I put my face down in my hands,

water wells inside my eyes.

What do I have to give them?

Does it matter if I try?

I can't stand to see you suffer,

I try to intellectualize,

a formula to end your pain,

it doesn't work,

God knows I've tried.

I want to try and save the world,

but it never goes that way.

God I don't know what to do,

down at Colfax and Broadway.

I don’t intend to be a wet blanket; my purpose is not to be a discouragement, but rather to express this deep yearning to meet the needs of my clients. I want them to see the love of Christ in my service to them, but I also hope for them to be made whole. I don’t have the answers for them. Most of the time I’m struggling to come up with a treatment plan that is efficacious. In my friendships, it’s the same story just with a different twist. I give a very imperfect kind of love. I offer brokenness in exchange for brokenness. It is not despair that I am evoking, but rather, it is a realization that what they need does not come from me. This would be a disconcerting idea if what I was hoping for was to be a form of salvation; however, this is not mine, my family’s, my friend’s, nor my client’s hope. Our hope is not in what I have to offer anyway; it is way beyond me. The reality is that just like the author of the song, all I have to offer is “thirteen cents and a broken pen.”

Sunday, December 12, 2010

Yearning

I admit it. I am a Christmas nut case. If I could put up a Christmas tree in October, I would. Something about the excitement of waiting for Christmas day truly stirs my soul. There is an electric feeling as everyone around you is decorating and preparing for all the celebrations, parties, and community events. Gingerly, I admit that I love even the cheesiest of Christmas traditions. Bring on “It’s A Wonderful Life,” “Elf,” and the twenty-four hour Christmas radio stations I say. This is not a popular perspective in seminary circles because of the march against the commercialization of Christmas, and in reality, I also agree that sometimes it feels like the Christmas story is so mixed up that one cannot distinguish between magic elves and the greatest condescension that ever occurred—God made flesh.

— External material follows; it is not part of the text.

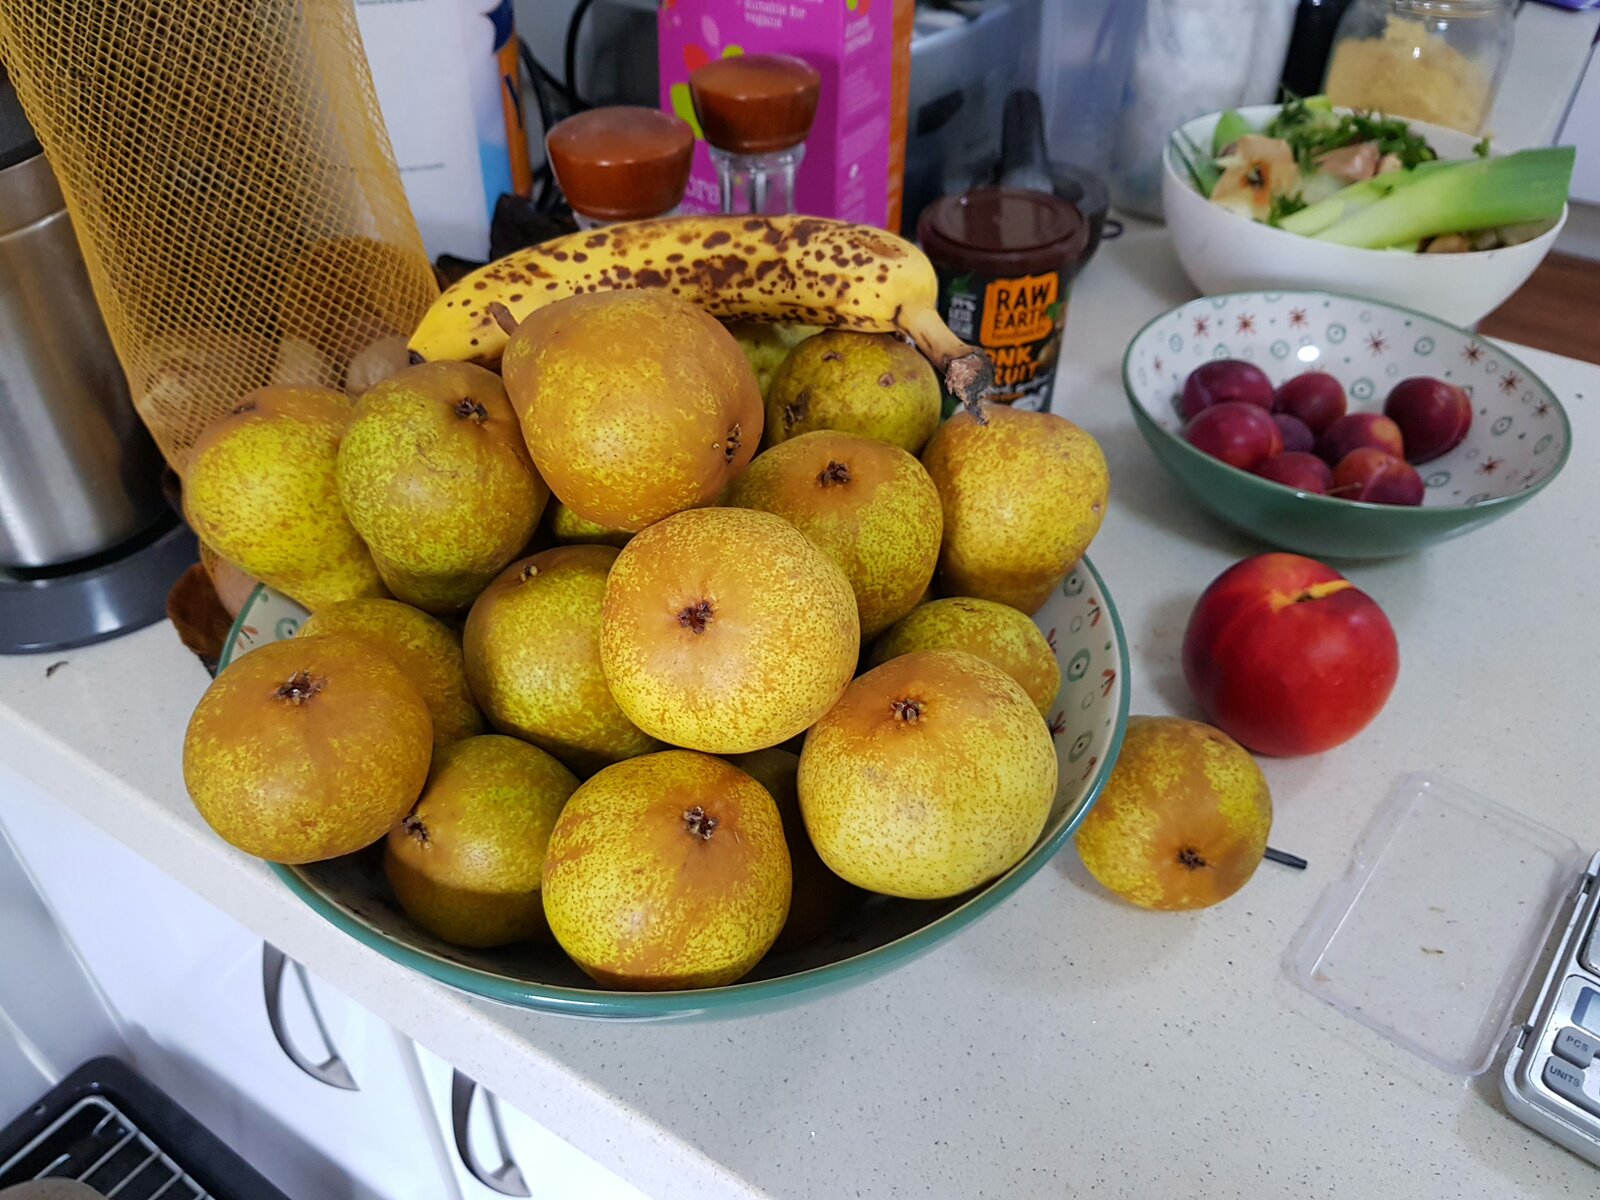 A few ripening pears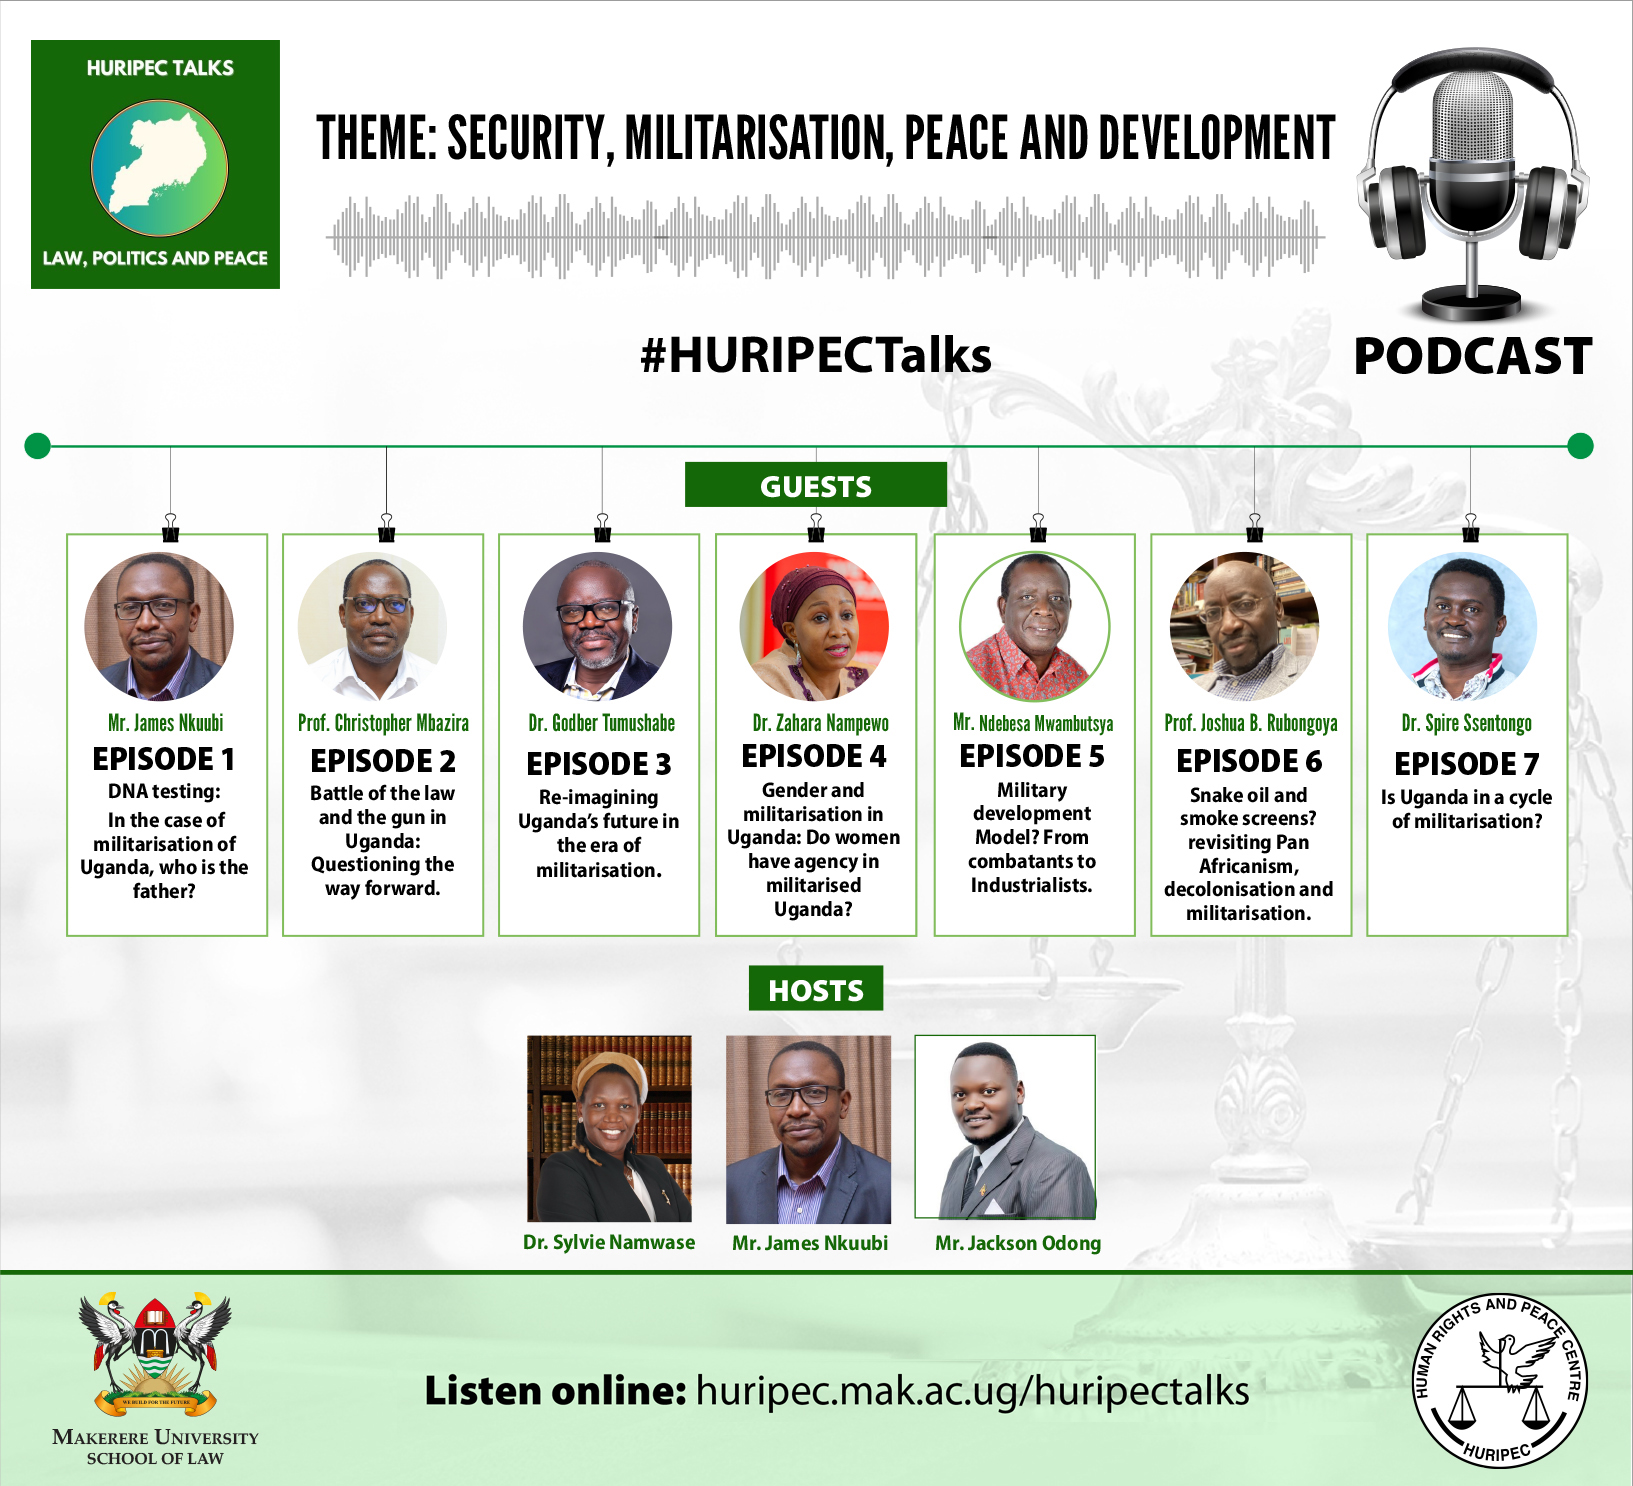 #HURIPECTalks: A Podcast by HURIPEC featuring; Mr. James Nkuubi, Prof. Christopher Mbazira, Dr. Godber Tumushabe, Dr. Zahara Nampewo, Mr. Ndebesa Mwabutsya, Prof. Joshua B. Rubongoya, and Dr. Jimmy Spire Ssentongo.

Growing up Southern Baptist, I had never heard the term Advent before coming to graduate school, but experiencing this practice and the rhythmic motions of the church calendar has developed a depth to my experience I had not before encountered. It has taught me that this season’s origins promote a time to sit in the anticipation of our salvation, which is culminated in the birth pains of the incarnation. And yes, we sometimes get too caught up in the commercialization, sure; but the bigger concern is without it, what do we anticipate? Not Calvary, not yet, anyway. Easter will have its day, but now, it is time to celebrate Advent.

I really enjoy the hymn “O Come, O Come, Emanuel” because in its verses it proclaims the answer to this question and truly articulates the spirit of the season. It’s somber tone does not mix well with likes of “Baby, Its Cold Outside,” but instead, it intermingles the feelings of both sadness and hope. In its verses, one can discern Advent’s true purpose—yearning. The song proclaims “Israel that mourns in lonely exile here,” which speaks to our precarious posture of knowing and practicing the new kingdom’s tenets in a world that does not except it wholly. The church are a people that proclaim hope in the midst of suffering. We declare that which has not come to its full fruition—the eschaton. And so we wait. We wait yearning and looking to the day when Christ returns and the culmination of our faith is fulfilled.

Meanwhile, this Advent season, let me encourage you to slow down and reflect. Let us anticipate and look forward to promises not yet fulfilled as Israel and all of creation once did. Let the excitement grow. Anticipate. Hope. Yearn.